The second aspect of Russia’s intervention is through supplying “volunteers” to the separatist battalions. This is in addition to supplying equipment and weapons.
The report alleges some of these volunteers are soldiers in the Russian army. Others are veterans and older men with military experience. It further alleges the existence of a complicated and opaque financial system whereby money from Russian investors makes its way into Ukraine to pay soldiers’ salaries.
The network involves veterans’ organizations, state-backed Chechen militant groups and separatist battalions in Ukraine. The men receive around $1,200 per month — a good salary for a Russian soldier — to fight.
The fighters meet in Russia, where they receive training and older weapons from Soviet-era stockpiles. The total cost for salaries, equipment and maintenance could be as high as $1.3 billion since the war began.
All of this is illegal under Russian laws prohibiting mercenary activities.

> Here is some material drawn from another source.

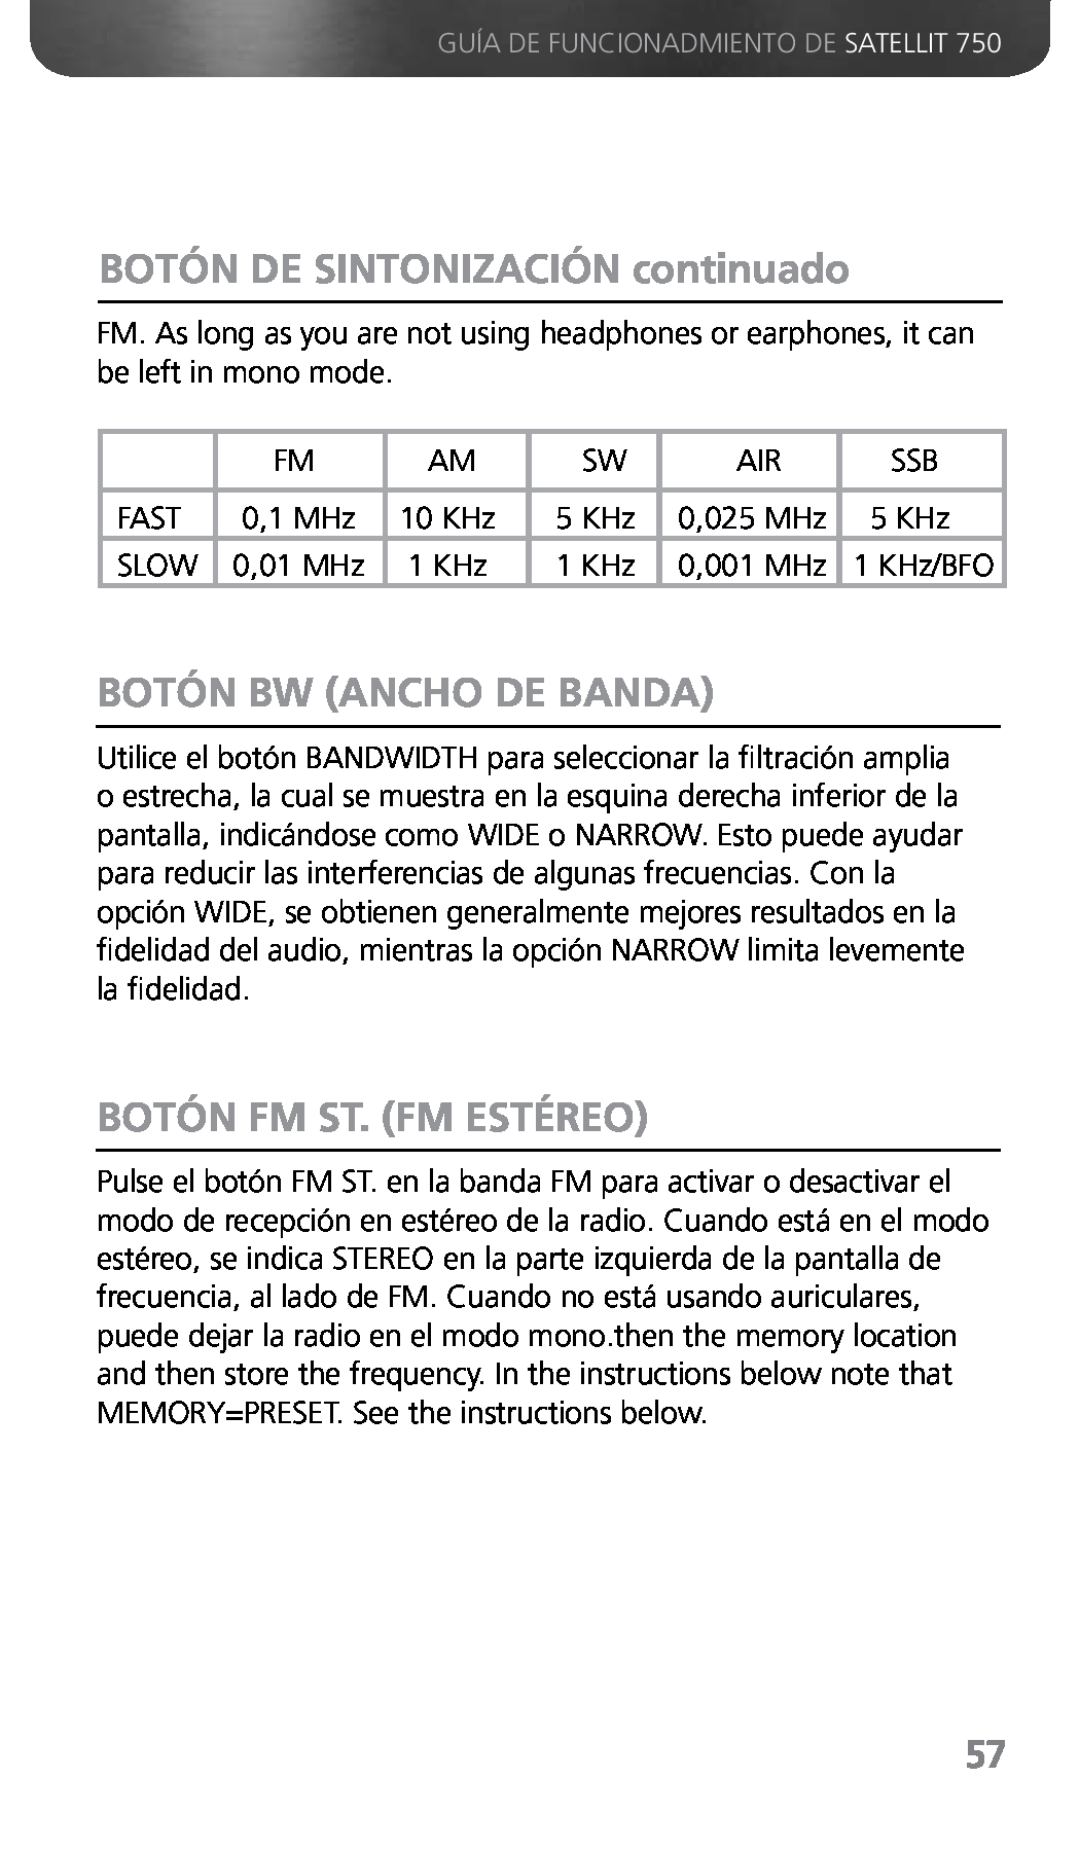 Grundig 750 owner manual BOTÓN DE SINTONIZACIÓN continuado, Botón Bw Ancho De Banda, Botón Fm St. Fm Estéreo

“However, the Russian investigative authorities pursue only those Russian citizens who are involved in the fighting on the side of the Ukrainian security services,” the report adds.
Which all raises the question of why this strategy? Why not something more like Russia’s February 2014 invasion of Crimea. Your guess is as good as ours. But we can say that the Kremlin sees the war in eastern Ukraine as a fundamentally different kind of conflict than Crimea.
Russia invaded and outright annexed Crimea in a lightning operation marked by naval and airborne forces. Russia justified the invasion by saying that fascists had taken over Ukraine and that Crimea is historically part of Russia.
To be fair, the historical claim for Crimea is stronger than for eastern Ukraine. The Russian Empire first annexed the peninsula in the 18th century. The Soviet Union then transferred Crimea to the Ukrainian SSR in 1954.
Not every Russian with influence agrees.
Alexander Dugin, a far-right Russian activist and ideologue, lost his job as a sociologist at Moscow State University after criticizing Putin’s strategy in eastern Ukraine, a territory Dugin believes is at the center of a civilizational struggle between East and West.
“For me there is no difference between Crimea and Donbass in the eastern Ukraine — Novorossiya — and for [the] political establishment, there is a difference,” Dugin said during a teleconference at Texas A&M University in late April.
Which is to say that the Kremlin might not want eastern Ukraine to be part of Russia. At least not right now.
But by sponsoring militants to seize and hold territory within a pro-Western state, the Kremlin does gain leverage over that state. If Ukraine wants to join NATO, then Russia can gobble up the parts of Ukraine that’s already fallen outside the central government’s control.
Another question concerns planning — did Russia plan the Crimea invasion years in advance? The Nemtsov report argues the Kremlin had just been waiting to grab Crimea, and moved when the opportunity presented itself.
Putin, the report alleges, also launched the invasion as a means to improve his approval ratings. But Galeotti is skeptical. Sure, Russia likely had a war plan. Many countries have plans for all kinds of wars it doesn’t want to fight.
“I understand there was a long-standing plan in the vaults of the General Staff’s Main Operations Directorate, and that as soon as the friendly regime in Kiev looked in trouble, it was taken out and updated,” Galeotti wrote.
“But I also understand that the final stage was something of a rush job. This was an opportunist move, not part of some long-term strategy.”